For upland farming in Vietnam, commercialization has entailed maize mono-cropping, with almost the entire harvest sold. Such a high degree of specialization has exposed farm households to high levels of risk due to volatile input and output prices, and a resulting high variation in household incomes. Options for farmers to adapt to the high variability of maize prices have remained limited, while it is possible maize yields will decline in the long-term due to environmental degradation, an issue addressed in Chap. 7. To reduce farmers’ exposure to market risks with respect to maize cultivation, policies should be introduced which help improve the rural infrastructure and market environment, and give farmers more options in terms of managing risk. In particular, our results show that improved storage capacity could help farmers preserve maize quality and sell their produce when prices are optimal, and that individuals who are more risk averse tend to live in households which not only demand less credit, but which also have lower levels of credit access. We also found that respondents with the least potential credit access have higher discount rates, and in general, discount rates among smallholders are above 70 %, giving them little incentive to invest in activities which generate an income in future years, such as soil conservation and agroforestry. Increased access to formal credit (i.e., investment capital), savings and insurance might help improve households’ risk coping capacities, which would, in turn, advance maize production and promote income diversification.

For Yen Chau district in northern Vietnam, 8 % of the population was found to be poor in 2007 and 2010, and in general, the poor in northern Vietnam have less access to public services, especially with respect to credit and irrigation. Subsidized credit from the Vietnam Bank for Social Policies (VBSP), which is targeted at the poor, has a dismal record in providing credit access to this section of the population, and our research showed that the method used by the VBSP to identify pro-poor beneficiaries has a high level of under-coverage and leakage, and in fact seems to discriminate against the poor. Not only are the poor often less aware of the existence of subsidized loans, housing subsidies and monetary assistance, they are also less involved in the community-wide decision-making process in terms of who should be a beneficiary of such targeted programs. More objective poverty assessment methods, such as the one presented here, could contribute to a reduction in leakage and under-coverage. In the case of credit, it appears that an elimination of the interest rate subsidy applied by the VBSP for its loans, coupled with improved targeting of the poor, could sustainably improve credit access levels.

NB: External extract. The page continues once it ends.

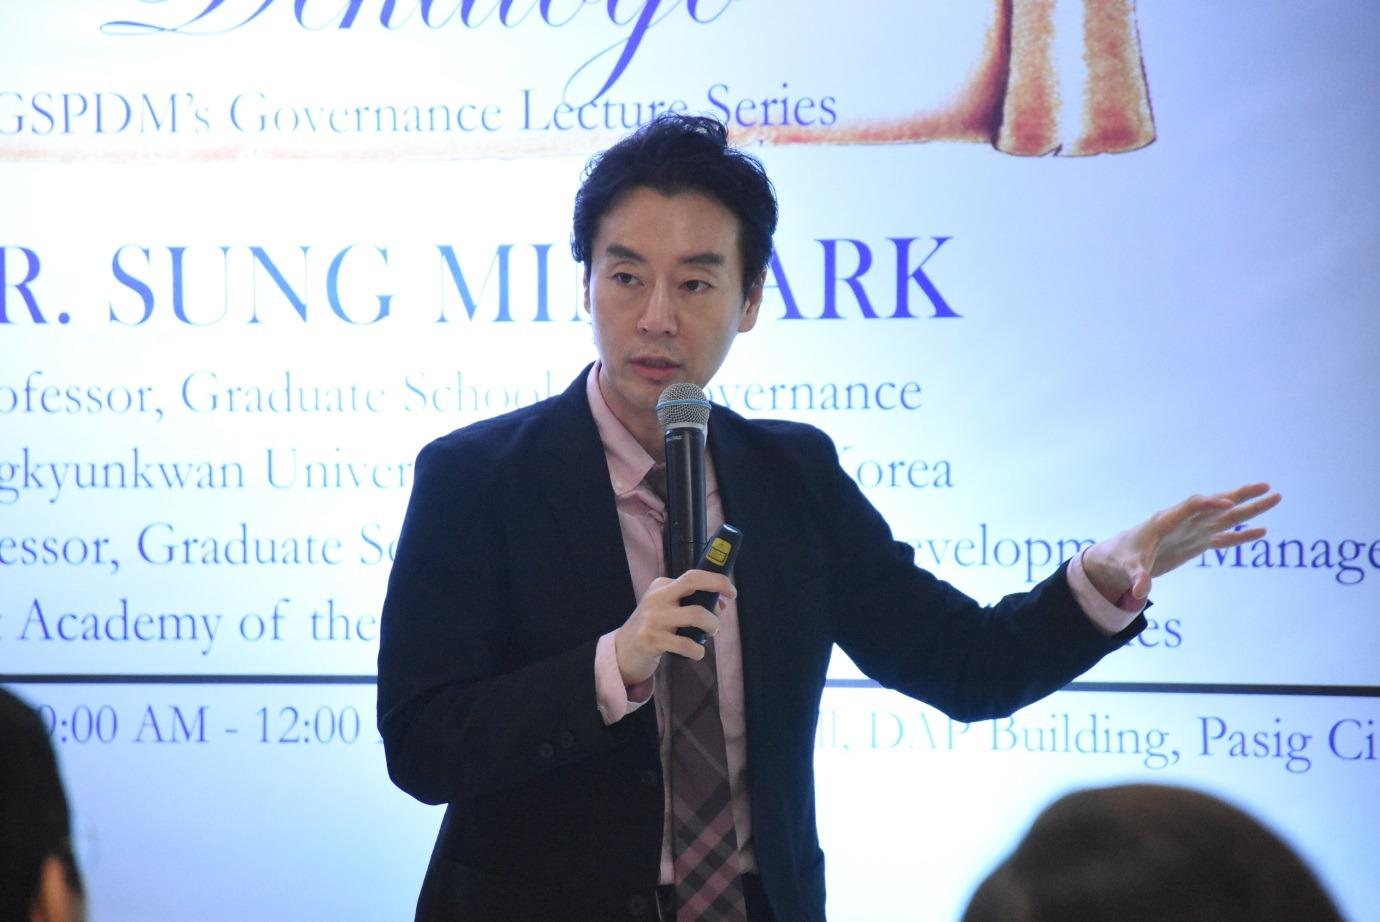 Dr. Sung Min Park
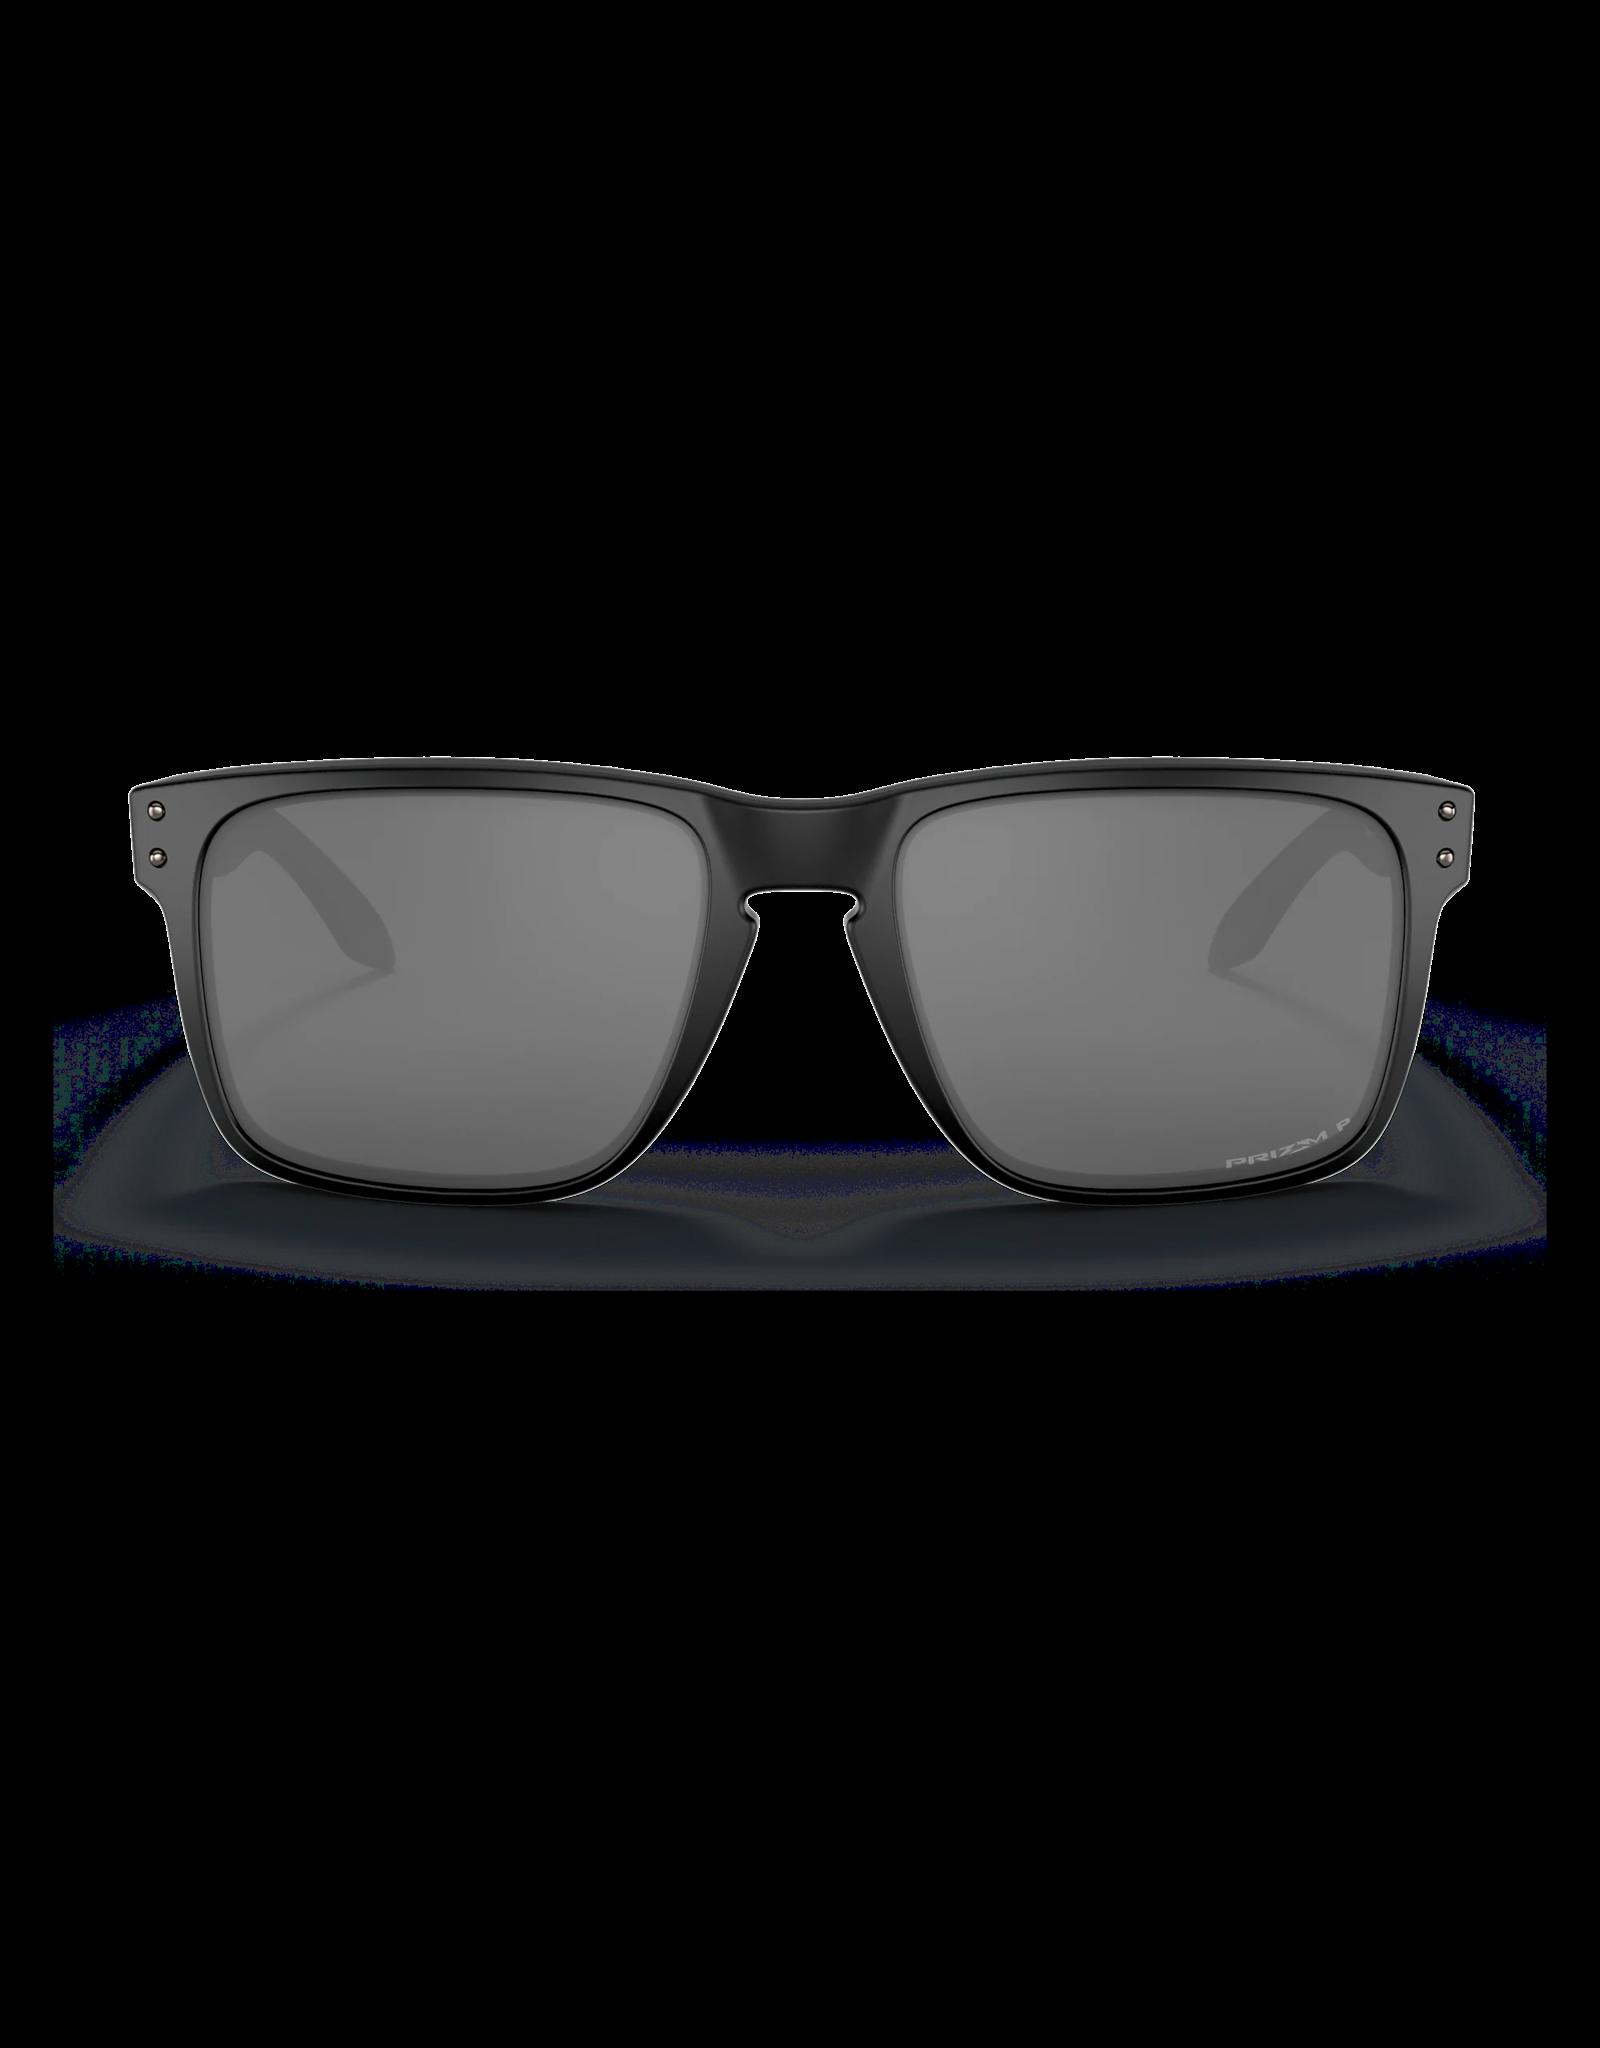 OAKLEY Oakley Holbrook XL matte noir prizm noir polarised sunglasses

Overall, we have found that the process of agricultural intensification in the uplands has led to rising farm productivity and farm incomes; however, in areas where it has happened through mono-cropping or under fragile agro-ecological conditions, such as on steep mountain slopes, the gains from intensification and commercialization appear to be unsustainable in the long-term. An example of this is the Yen Chau district, with its maize monoculture on the hillsides. While poverty rates have declined substantially in the district, the sustainable elimination of poverty will require the introduction of further pro-poor market reforms and infrastructure policies, as well as agricultural extension and environmental regulations related to improved agricultural practices and forest protection, and the provision of assistance – targeted in particular at the chronically poor in the areas of health, housing, nutrition, social assistance, political participation, infrastructure provision and education.